§ AIM OF THE TASK: Transcribe the data below verbatim from the line with "KOHL LIGHTING KOHL-Lighting" to the line with "La ley de cheques en Uruguay y sus cambios.". Include both of those lines.

Stored items
* * * * *
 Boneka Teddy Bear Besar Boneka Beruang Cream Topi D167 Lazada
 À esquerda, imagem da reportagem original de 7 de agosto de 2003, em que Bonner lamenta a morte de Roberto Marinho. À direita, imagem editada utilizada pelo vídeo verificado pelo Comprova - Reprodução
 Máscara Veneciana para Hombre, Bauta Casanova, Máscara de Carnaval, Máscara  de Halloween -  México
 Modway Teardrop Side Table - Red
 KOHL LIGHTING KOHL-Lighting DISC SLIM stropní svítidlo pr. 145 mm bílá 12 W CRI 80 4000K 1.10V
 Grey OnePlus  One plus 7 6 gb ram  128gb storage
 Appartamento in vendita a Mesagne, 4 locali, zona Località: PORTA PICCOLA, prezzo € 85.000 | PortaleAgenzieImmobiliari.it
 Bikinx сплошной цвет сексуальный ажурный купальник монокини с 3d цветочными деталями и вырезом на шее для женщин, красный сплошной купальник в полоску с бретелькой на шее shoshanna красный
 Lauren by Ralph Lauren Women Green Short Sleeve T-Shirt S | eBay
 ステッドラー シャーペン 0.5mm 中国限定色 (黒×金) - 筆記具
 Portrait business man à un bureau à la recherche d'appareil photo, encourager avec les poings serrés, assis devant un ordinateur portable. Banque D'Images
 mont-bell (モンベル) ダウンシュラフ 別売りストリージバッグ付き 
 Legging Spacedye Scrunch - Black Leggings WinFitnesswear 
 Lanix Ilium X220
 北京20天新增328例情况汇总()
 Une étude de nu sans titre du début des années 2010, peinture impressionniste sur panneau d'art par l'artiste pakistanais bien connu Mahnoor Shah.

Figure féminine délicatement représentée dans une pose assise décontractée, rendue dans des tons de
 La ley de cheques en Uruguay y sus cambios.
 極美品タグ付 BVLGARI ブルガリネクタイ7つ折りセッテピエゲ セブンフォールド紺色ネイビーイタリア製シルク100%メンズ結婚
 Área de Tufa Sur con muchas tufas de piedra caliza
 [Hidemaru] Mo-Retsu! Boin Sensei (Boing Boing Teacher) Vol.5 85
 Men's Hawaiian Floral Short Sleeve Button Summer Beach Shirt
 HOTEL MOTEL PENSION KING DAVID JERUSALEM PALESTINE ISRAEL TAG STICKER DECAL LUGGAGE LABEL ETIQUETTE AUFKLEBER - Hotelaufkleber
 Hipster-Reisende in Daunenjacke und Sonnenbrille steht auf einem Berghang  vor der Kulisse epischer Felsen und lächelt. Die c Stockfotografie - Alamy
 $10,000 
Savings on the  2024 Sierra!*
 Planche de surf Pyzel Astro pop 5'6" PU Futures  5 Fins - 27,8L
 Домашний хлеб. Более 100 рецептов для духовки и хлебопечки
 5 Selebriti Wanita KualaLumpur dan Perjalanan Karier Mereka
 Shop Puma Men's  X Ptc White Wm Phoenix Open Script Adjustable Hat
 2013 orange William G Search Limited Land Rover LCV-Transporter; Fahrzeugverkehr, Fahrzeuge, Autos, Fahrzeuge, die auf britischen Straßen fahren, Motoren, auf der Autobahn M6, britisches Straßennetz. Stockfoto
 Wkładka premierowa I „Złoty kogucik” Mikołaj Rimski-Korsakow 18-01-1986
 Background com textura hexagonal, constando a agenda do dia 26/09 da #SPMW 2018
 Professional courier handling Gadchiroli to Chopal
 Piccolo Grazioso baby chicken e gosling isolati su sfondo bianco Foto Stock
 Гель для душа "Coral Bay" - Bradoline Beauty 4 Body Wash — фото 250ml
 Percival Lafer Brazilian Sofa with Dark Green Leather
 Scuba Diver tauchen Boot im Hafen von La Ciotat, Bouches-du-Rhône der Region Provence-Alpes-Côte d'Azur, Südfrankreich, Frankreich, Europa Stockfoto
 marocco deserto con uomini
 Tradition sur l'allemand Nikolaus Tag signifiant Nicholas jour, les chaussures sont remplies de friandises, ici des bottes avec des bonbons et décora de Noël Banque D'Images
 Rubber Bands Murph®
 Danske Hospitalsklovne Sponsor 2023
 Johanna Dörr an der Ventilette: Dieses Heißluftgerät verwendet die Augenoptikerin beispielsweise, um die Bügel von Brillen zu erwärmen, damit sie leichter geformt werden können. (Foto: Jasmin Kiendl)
* * * * *
§ SOLUTION FOR THIS TASK:
 KOHL LIGHTING KOHL-Lighting DISC SLIM stropní svítidlo pr. 145 mm bílá 12 W CRI 80 4000K 1.10V
 Grey OnePlus  One plus 7 6 gb ram  128gb storage
 Appartamento in vendita a Mesagne, 4 locali, zona Località: PORTA PICCOLA, prezzo € 85.000 | PortaleAgenzieImmobiliari.it
 Bikinx сплошной цвет сексуальный ажурный купальник монокини с 3d цветочными деталями и вырезом на шее для женщин, красный сплошной купальник в полоску с бретелькой на шее shoshanna красный
 Lauren by Ralph Lauren Women Green Short Sleeve T-Shirt S | eBay
 ステッドラー シャーペン 0.5mm 中国限定色 (黒×金) - 筆記具
 Portrait business man à un bureau à la recherche d'appareil photo, encourager avec les poings serrés, assis devant un ordinateur portable. Banque D'Images
 mont-bell (モンベル) ダウンシュラフ 別売りストリージバッグ付き 
 Legging Spacedye Scrunch - Black Leggings WinFitnesswear 
 Lanix Ilium X220
 北京20天新增328例情况汇总()
 Une étude de nu sans titre du début des années 2010, peinture impressionniste sur panneau d'art par l'artiste pakistanais bien connu Mahnoor Shah.

Figure féminine délicatement représentée dans une pose assise décontractée, rendue dans des tons de
 La ley de cheques en Uruguay y sus cambios.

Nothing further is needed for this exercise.